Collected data
--------

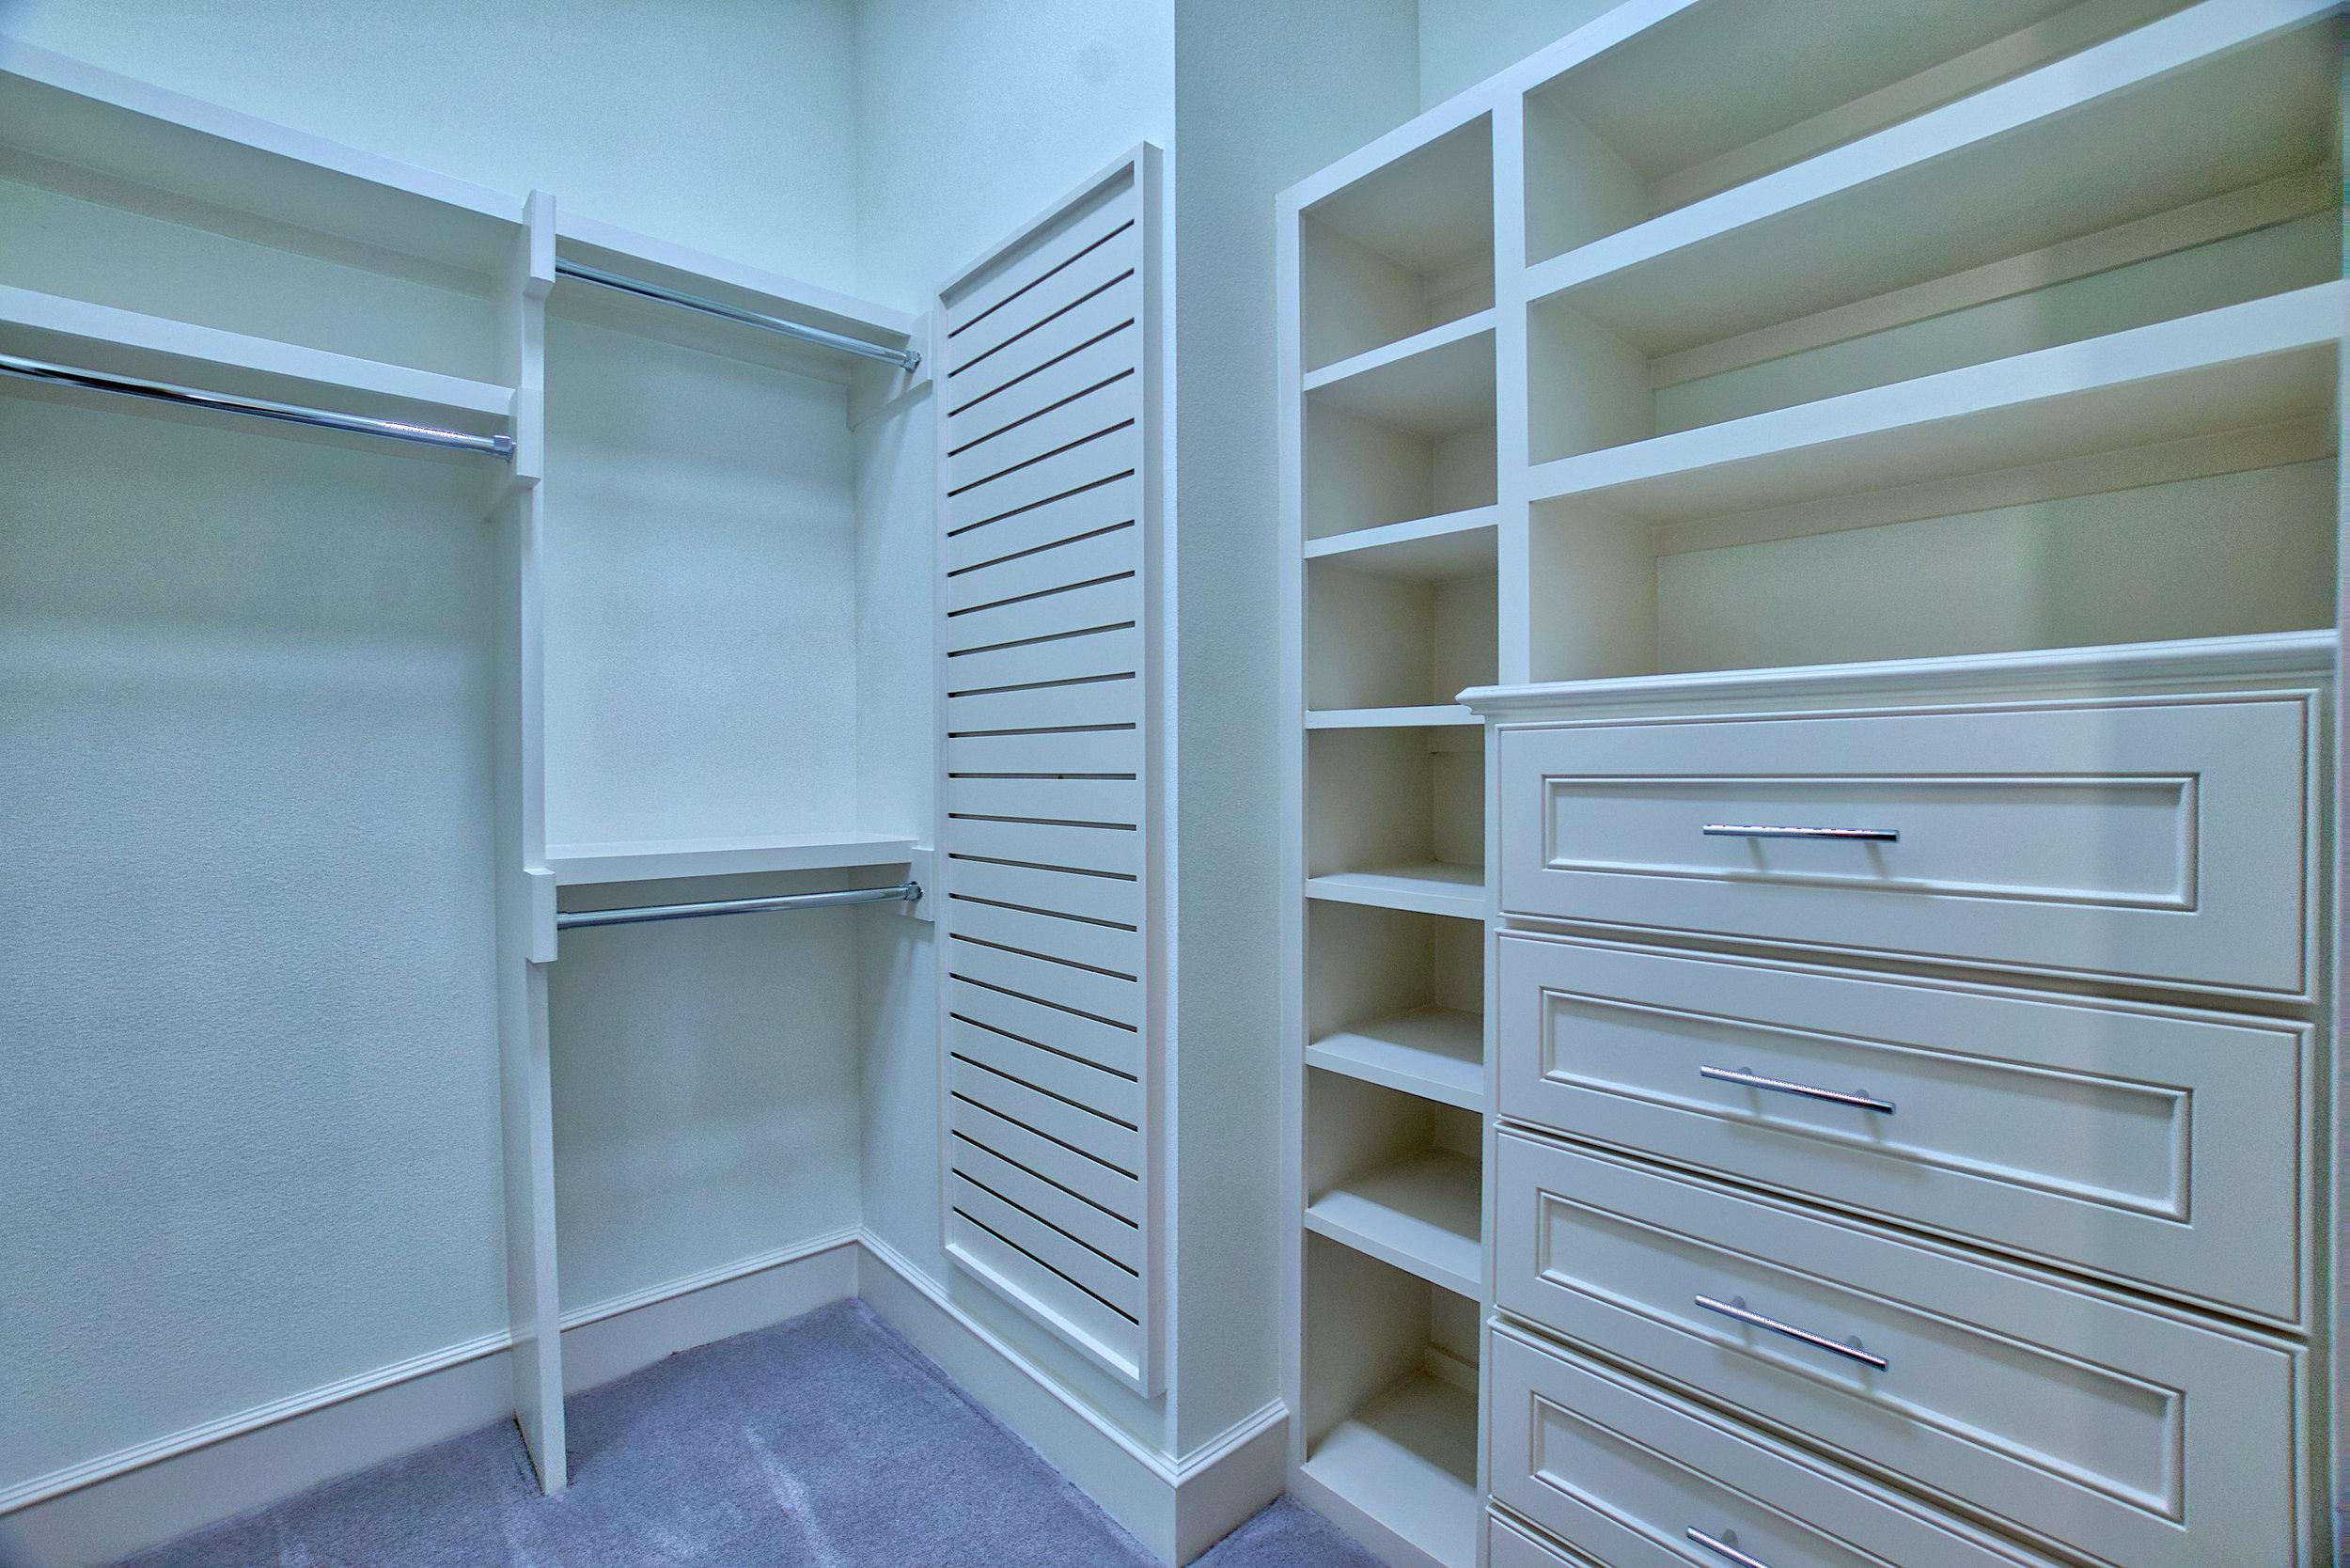 42 closet.jpeg
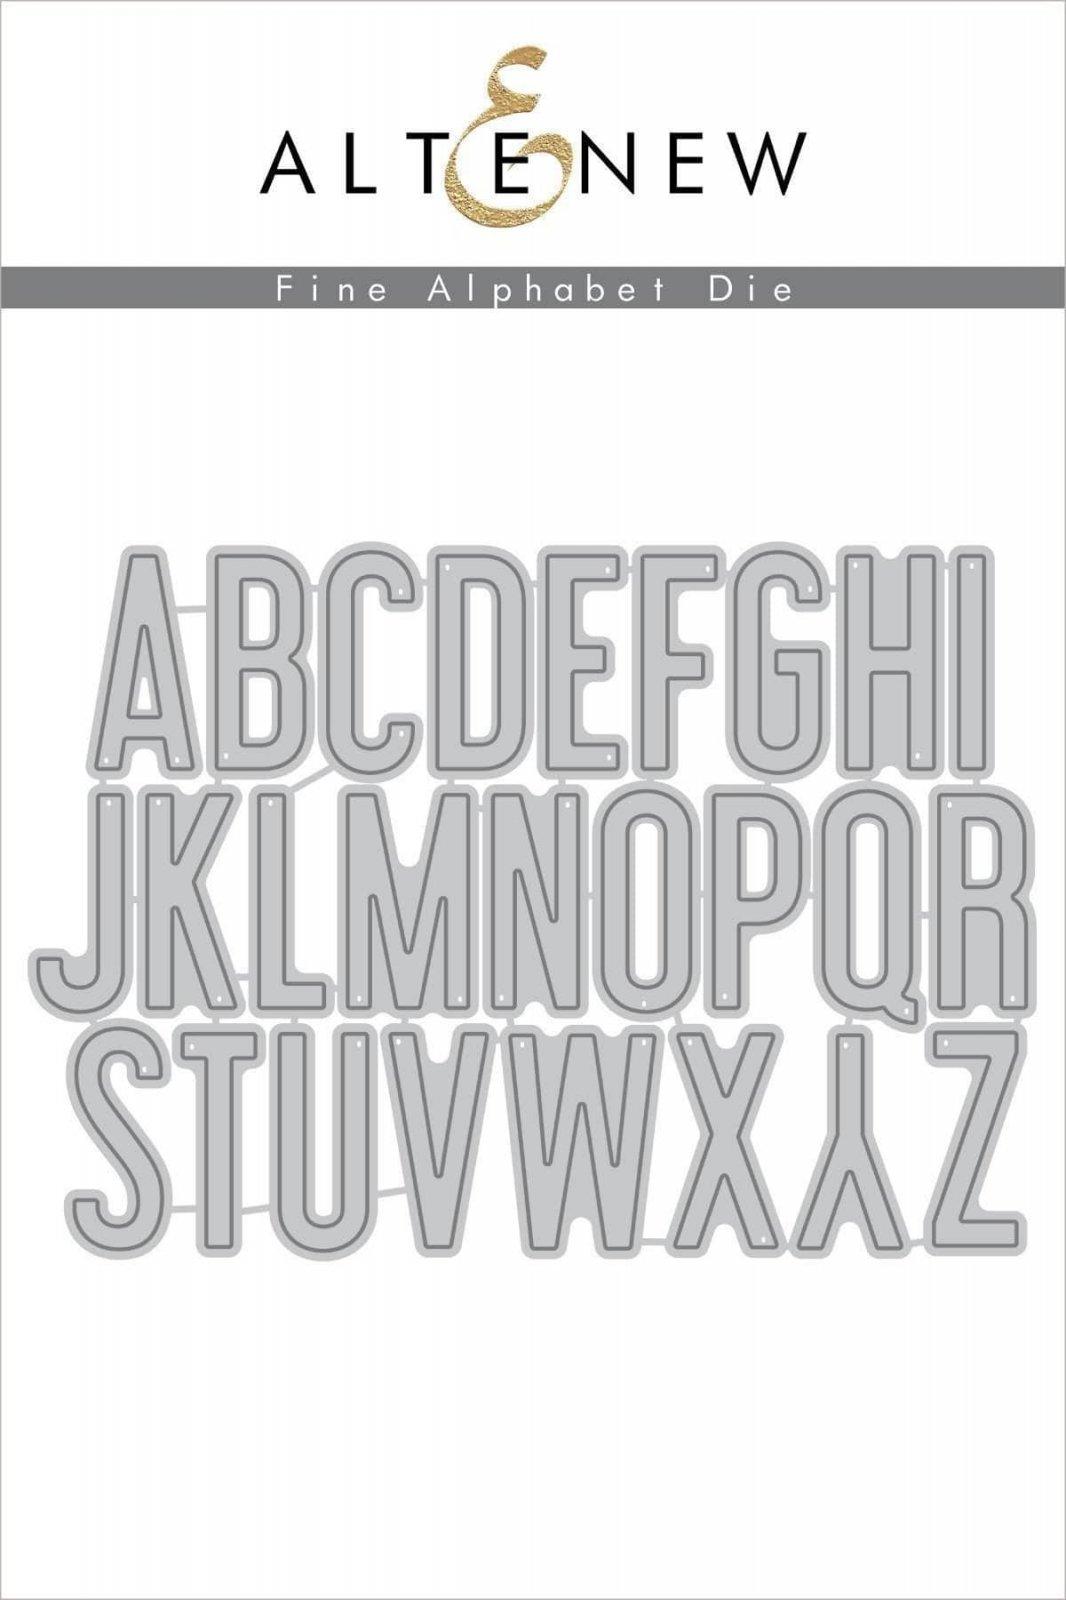 Altenew Fine Alphabet Die Set
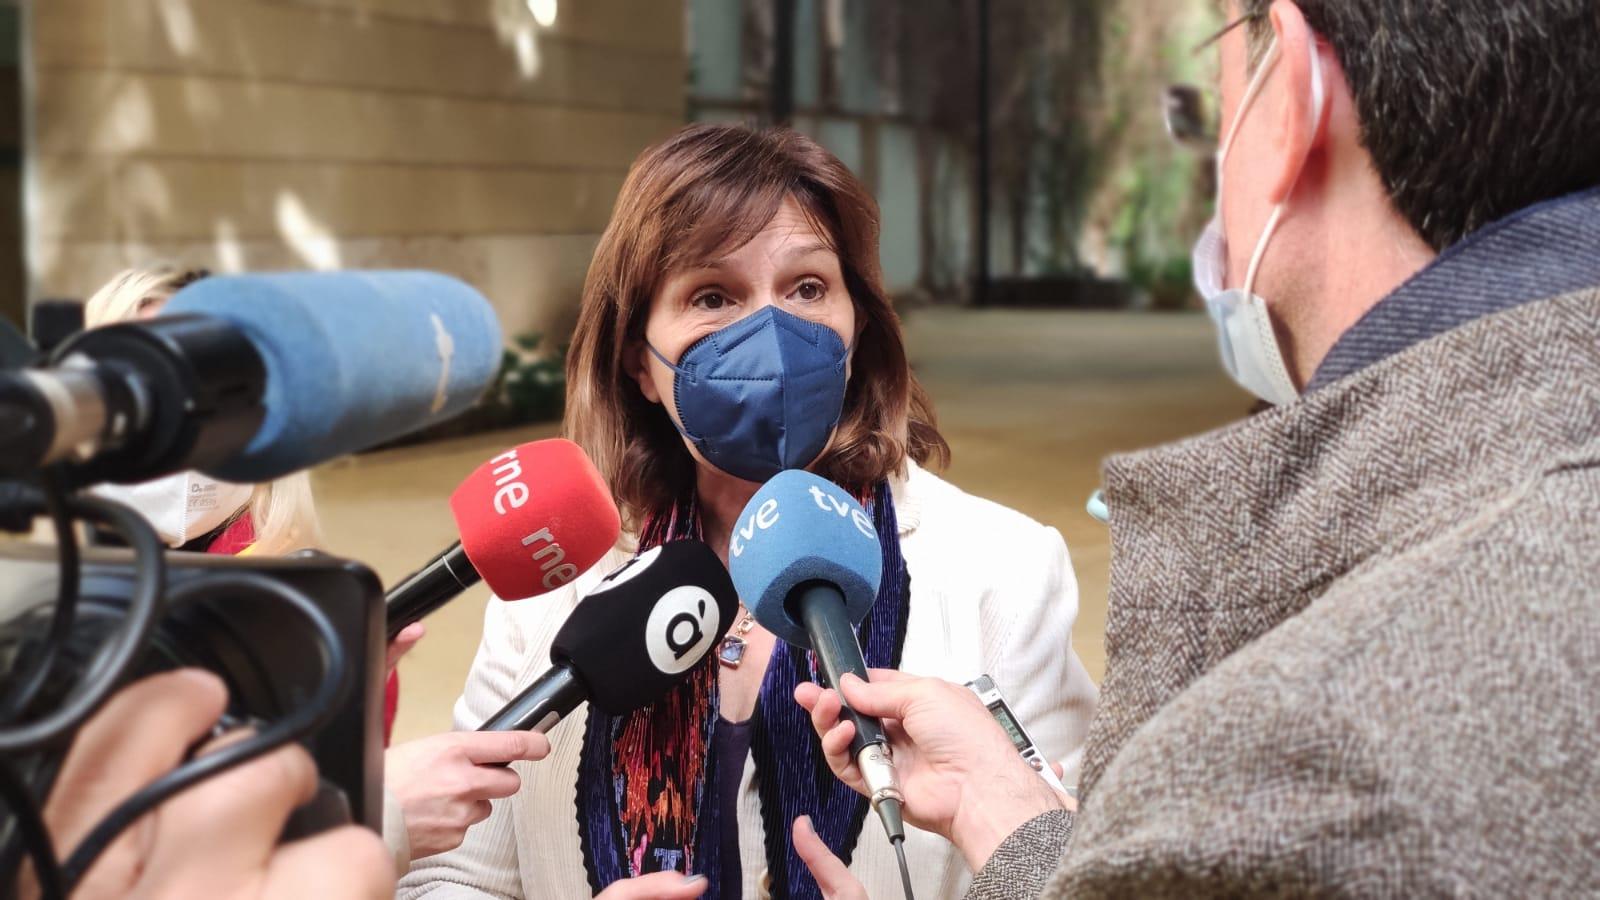 """En este momento estás viendo Martínez lamenta que la oposición """"siga anclada en el bulo y la desinformación"""" y recuerda que los criterios del envío de vacunas """"son claros y transparentes"""""""
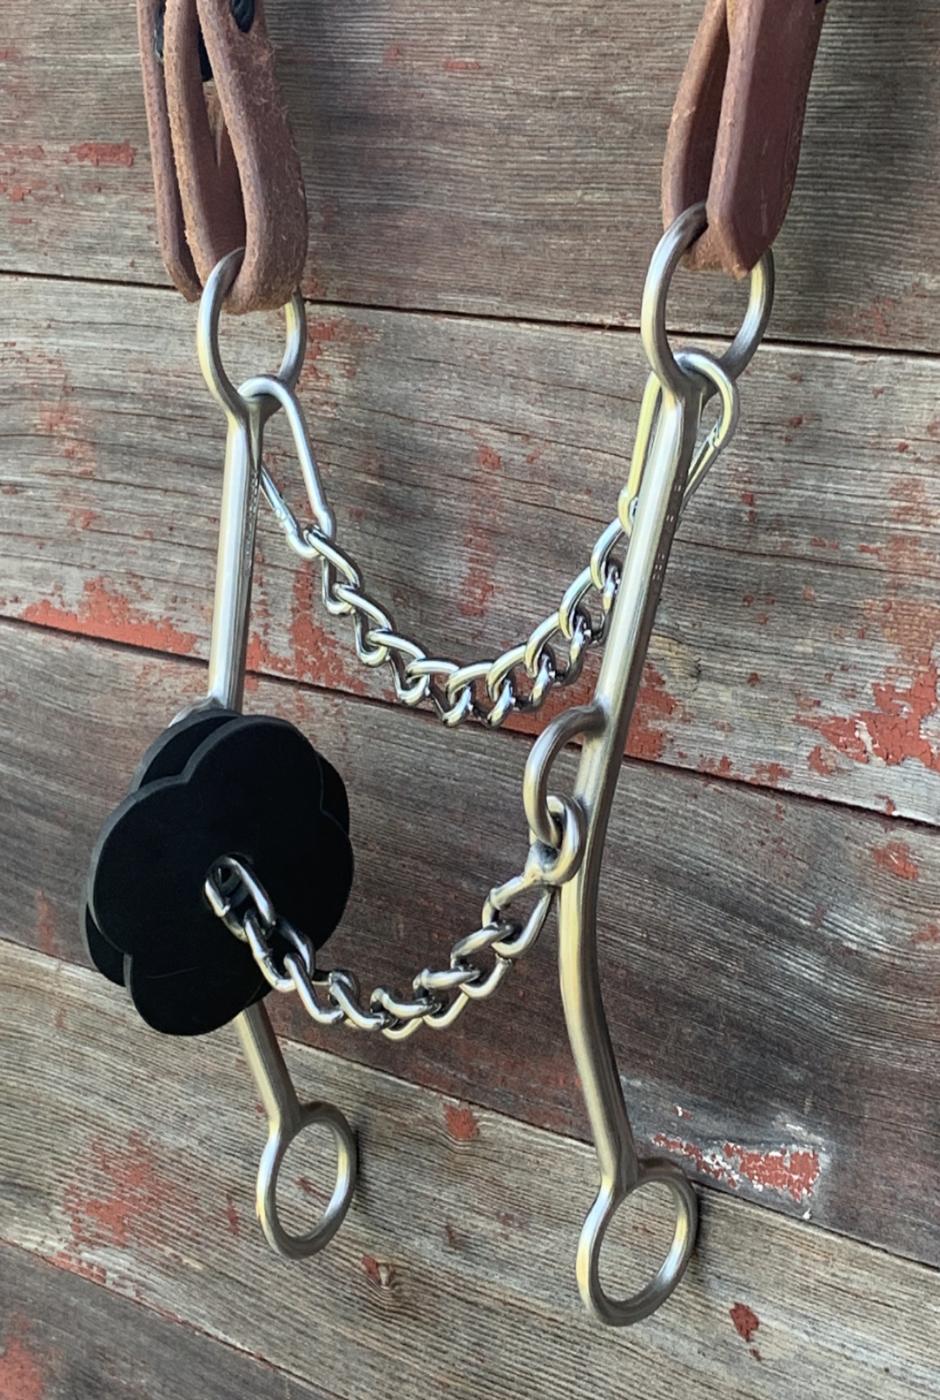 Hemi Chain
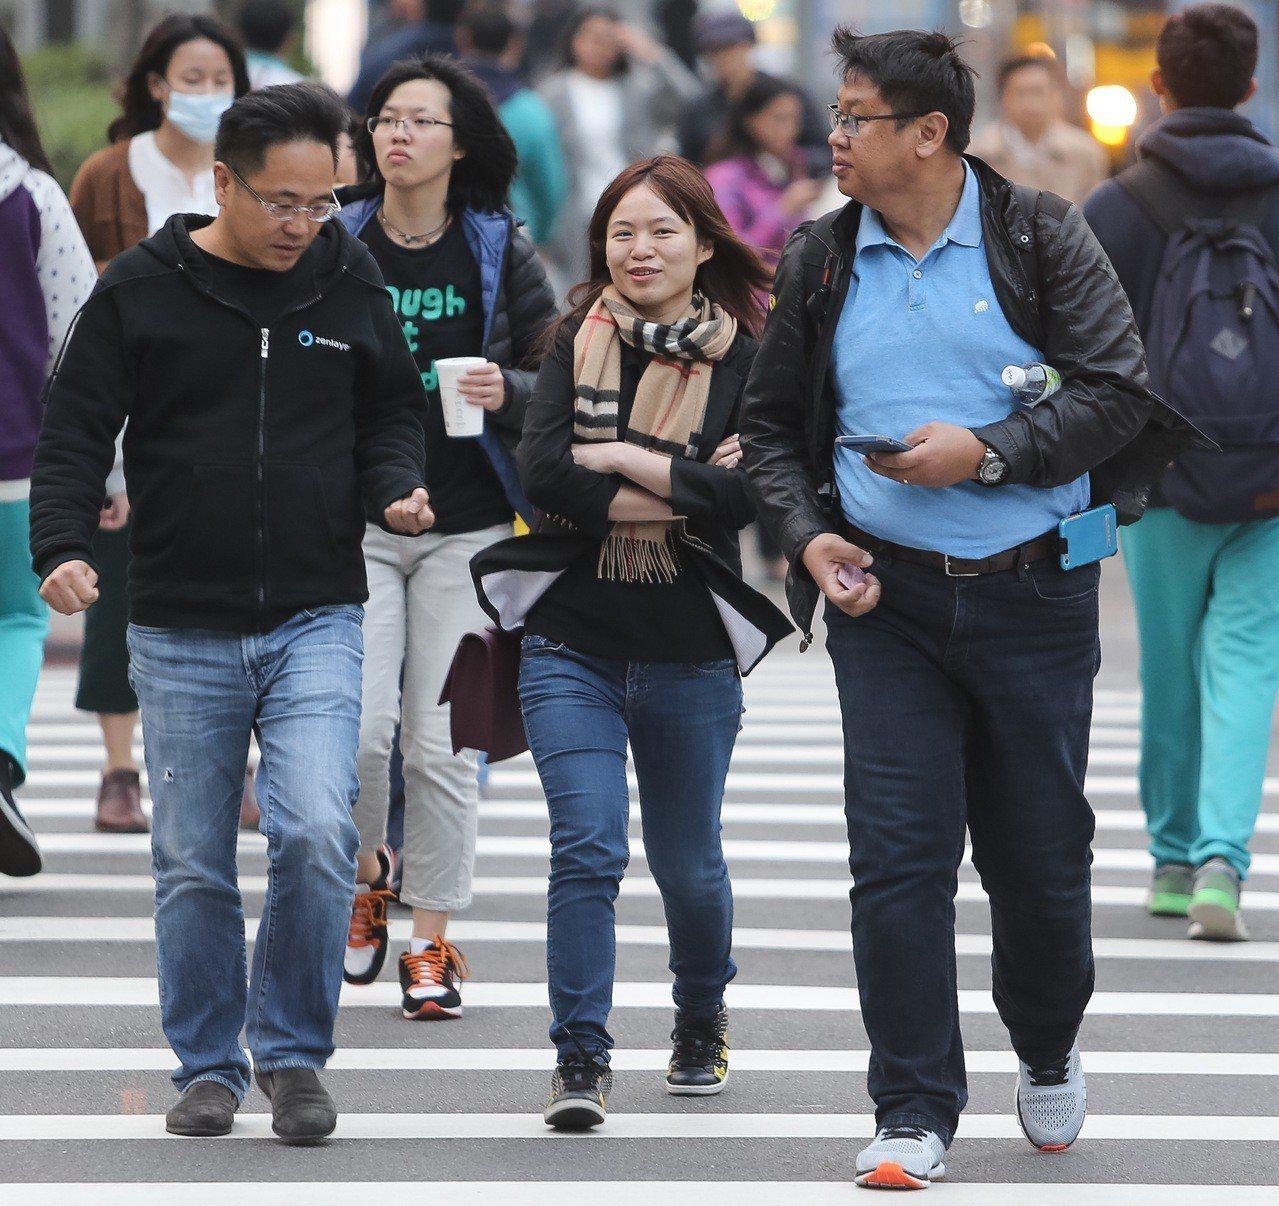 未來一周天氣,要把握穩定溫暖的前半周,周五起北台灣天氣轉涼偶雨。 聯合報系資料照...

--------

• _Problem to work on_: Repeat every record exactly, but not the pictures.

• _Written answer_:
 42 closet.jpeg
 Altenew Fine Alphabet Die Set
 """En este momento estás viendo Martínez lamenta que la oposición """"siga anclada en el bulo y la desinformación"""" y recuerda que los criterios del envío de vacunas """"son claros y transparentes"""""""
 Hemi Chain
 未來一周天氣,要把握穩定溫暖的前半周,周五起北台灣天氣轉涼偶雨。 聯合報系資料照...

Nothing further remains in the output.